No. Don’t touch me … don’t comfort me. Hannah remained silent as she squirmed and slid her hands underneath her legs.
“Mrs. Ryan, I’ve been working on your husband and the girls for an hour now,” he said. “They were in a serious accident, Mrs. Ryan, hit by a speeding pickup truck. The impact was most severe.” He paused and his gaze dropped to the floor for an instant before connecting once again with Hannah’s. She looked desperately for some sense of reassurance. There was none. “Jenny sustained a broken arm and a concussion. We are checking her for internal injuries, but her vital signs are strong. She’s medicated and very sleepy, but I expect her to show significant improvement by tomorrow.”
Hannah sat frozen in place, waiting for the doctor to continue.
“I’m very sorry to have to tell you this, but Alicia didn’t fare as well.”
Hannah began to rock. No. No. Not Alicia.… Not Alicia.
He hesitated. “I’m afraid Alicia received more of the impact and suffered massive head injuries.” His words were deliberate and measured. “Paramedics arrived on the scene in minutes, but she was already gone. I’m sorry, Mrs. Ryan. She died quickly and without any pain or fear.”
“No.” Hannah stood up, shaking—and then she screamed. She tried to push past Dr. Cleary, but he held her gently in place until she eased back into the chair, rocking fiercely and wailing. “No! Not Alicia, no!”
The chaplain circled an arm around her shoulders and leaned toward her. Hannah felt herself losing consciousness, and she crumpled slightly in his embrace.
“Please …” She implored him with every fiber, begging him to be wrong. “She can’t be dead, Doctor. I want to see her.”

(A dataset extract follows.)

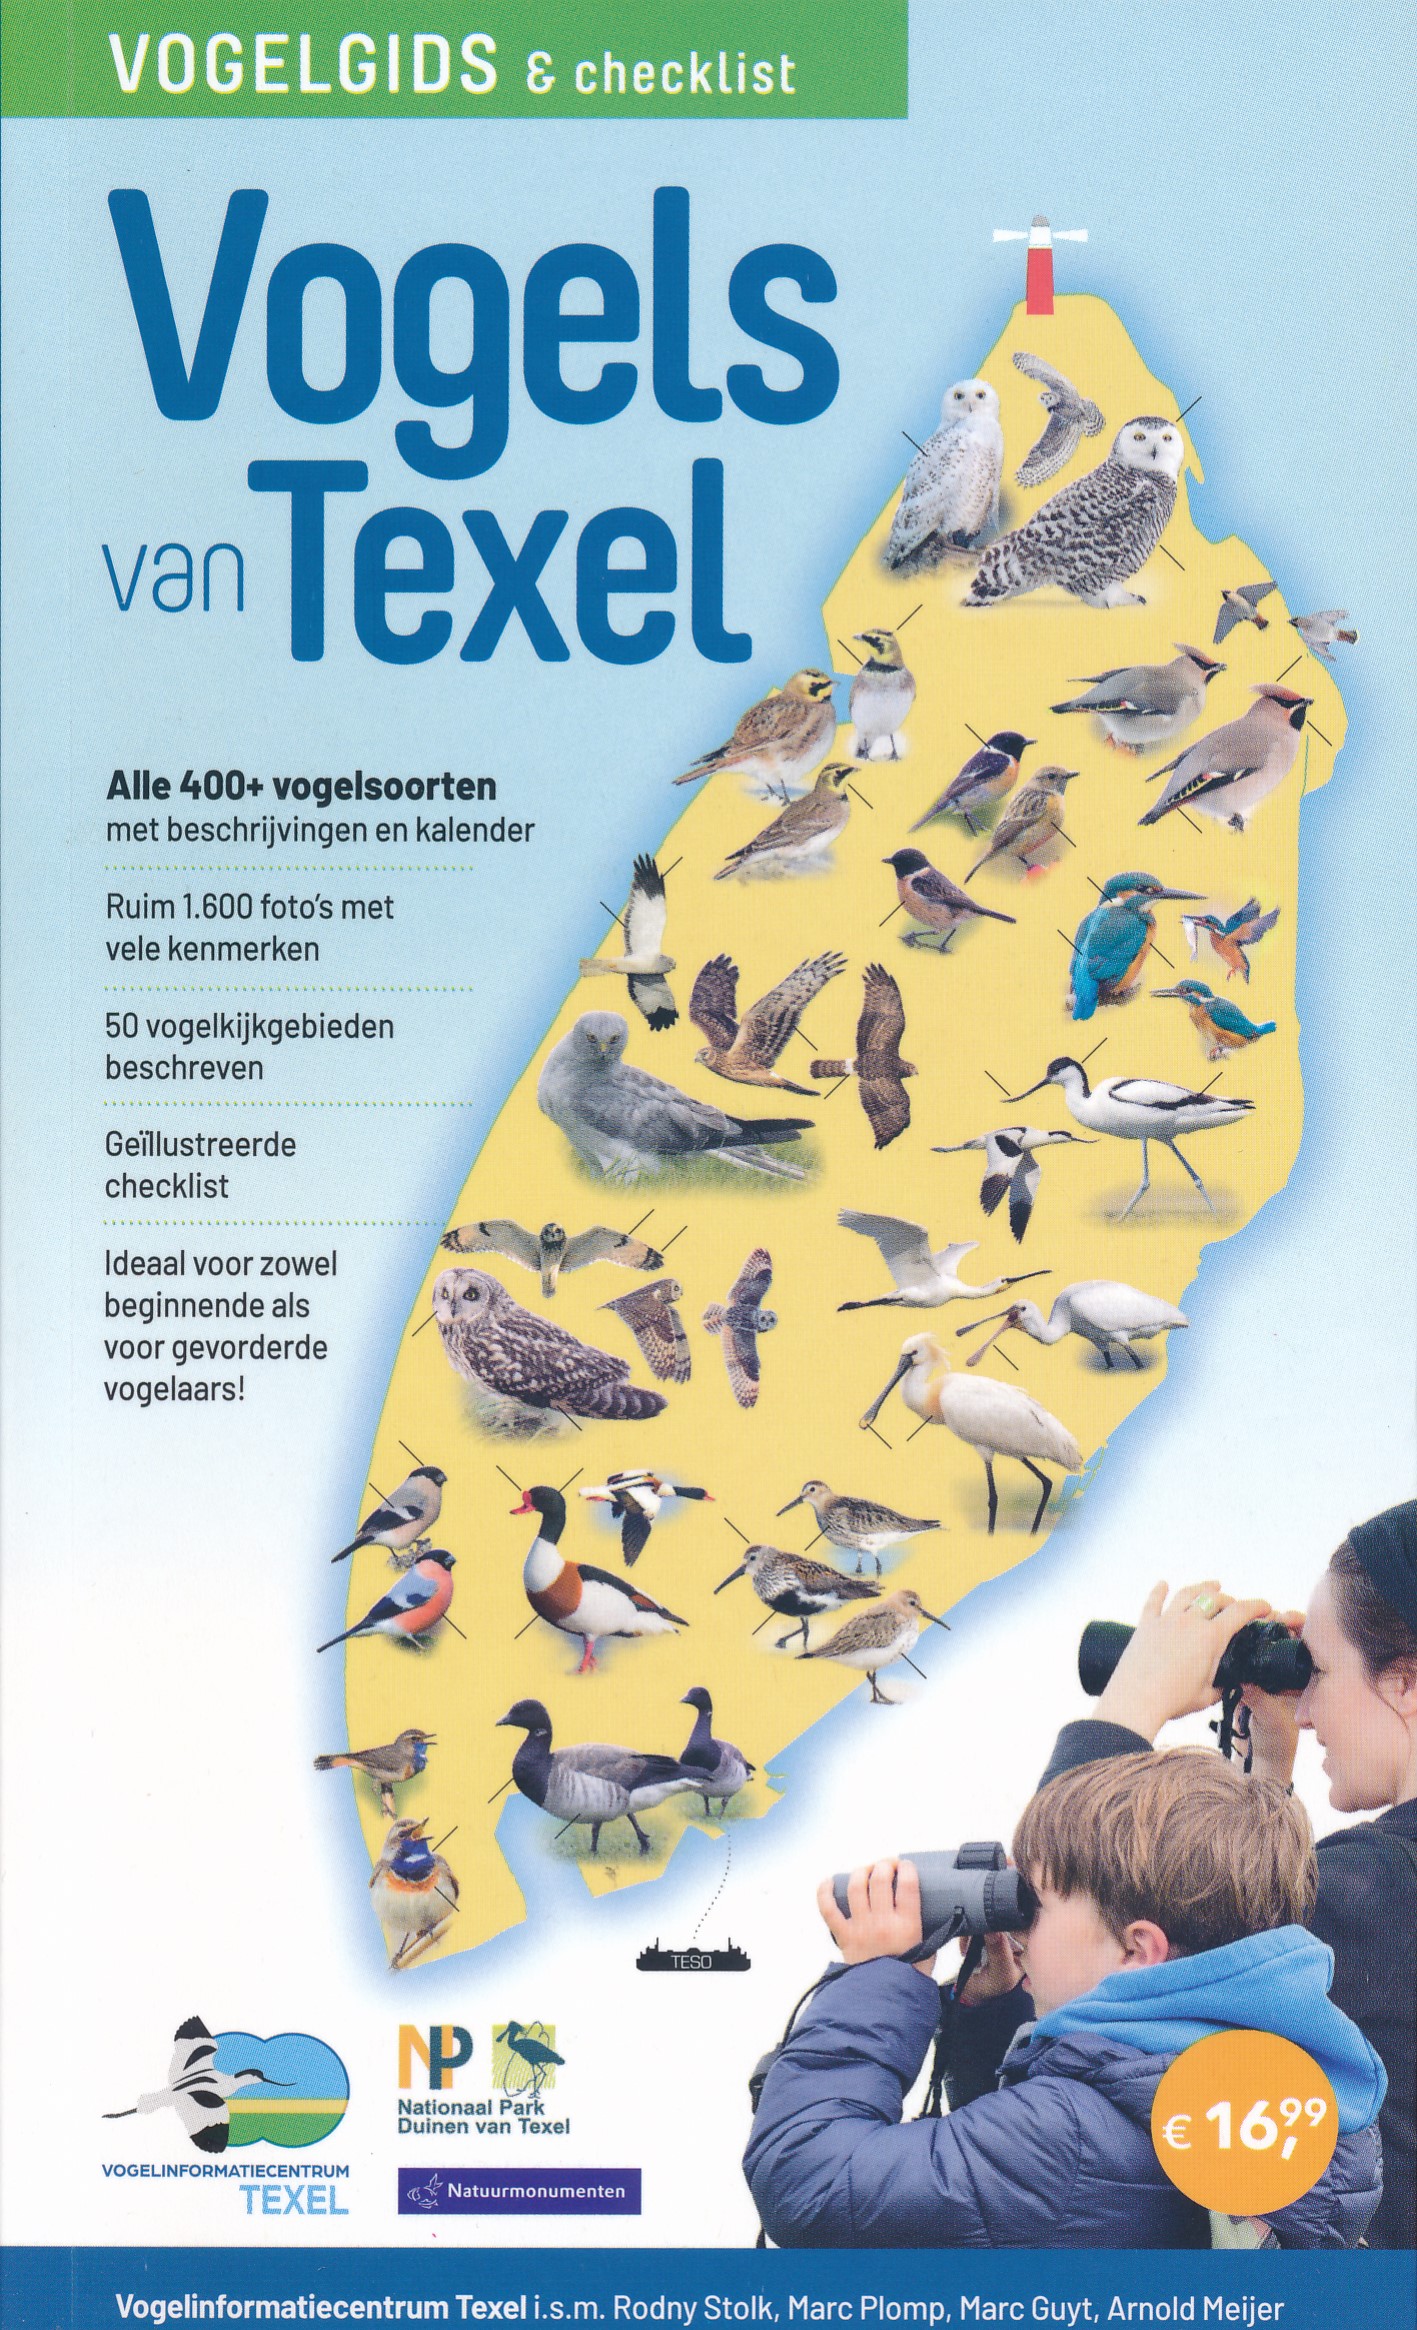 Online bestellen: Vogelgids Vogelgids en checklist Vogels van Texel | NatuurDigitaal

Dr. Cleary drew another breath. “I’m sorry, there’s more. About your husband, Mrs. Ryan …”
No … not Tom. It’s too much, God. Her heart was racing, banging about in her chest.
“Upon impact your husband hit the steering wheel and suffered blunt trauma to his chest. This caused him to bleed from the aorta, the main artery out of the heart. He was conscious at first while rescue workers tried to help him out of the vehicle. Paramedics were able to intubate him to keep his lungs open, but he was bleeding too badly. He died enroute to the hospital. I’m so sorry, Mrs. Ryan.… They did everything they could.”
The only thing that kept Hannah from falling on the floor was Rev. O’Haver. She sagged in his grip, struggling to breathe, to think, to move. But all she could do was say the same thing over and over.…
“No. No! Not my Tom.… Not my baby, Alicia. Please, God, no!”
The world was spinning out of control, and her heart pounded hard and erratically. She closed her eyes, fighting against the vortex of emotions that threatened to consume her. She knew she was screaming, could hear it, but it was almost as though it were someone else … someone whose very soul had been ripped from her chest. With a shuddering sigh, she straightened, leaning back against her chair. She clenched her teeth to hold back the screams still clawing at her throat, and noted numbly that her eyes were dry. The greatest shock of her entire life and she hadn’t cried.
“I want to see them.”
Dr. Cleary nodded. “That’s fine. Perhaps you’d like to see Jenny first? I think she’d recognize your voice, and it might help her come around.”
Hannah nodded, mute. Rev. O’Haver helped her up, and she followed Dr. Cleary to a room sectioned off by curtains. There lay Jenny, oxygen tubes in her nose, an IV dripping into her left arm. Her right arm was in a cast from the shoulder to her hand.
Hannah ached inside as she studied her little girl. She longed to cradle her close and tell her everything was going to be okay.
But it won’t, will it? It will never be okay again.
She moved closer to Jenny and smoothed a wisp of blond bangs off her forehead. There were bruises on the right side of her face, and Hannah had to choke back a sob as she ran her fingers over them. Jenny stirred, moaned twice, and moved her head from side to side.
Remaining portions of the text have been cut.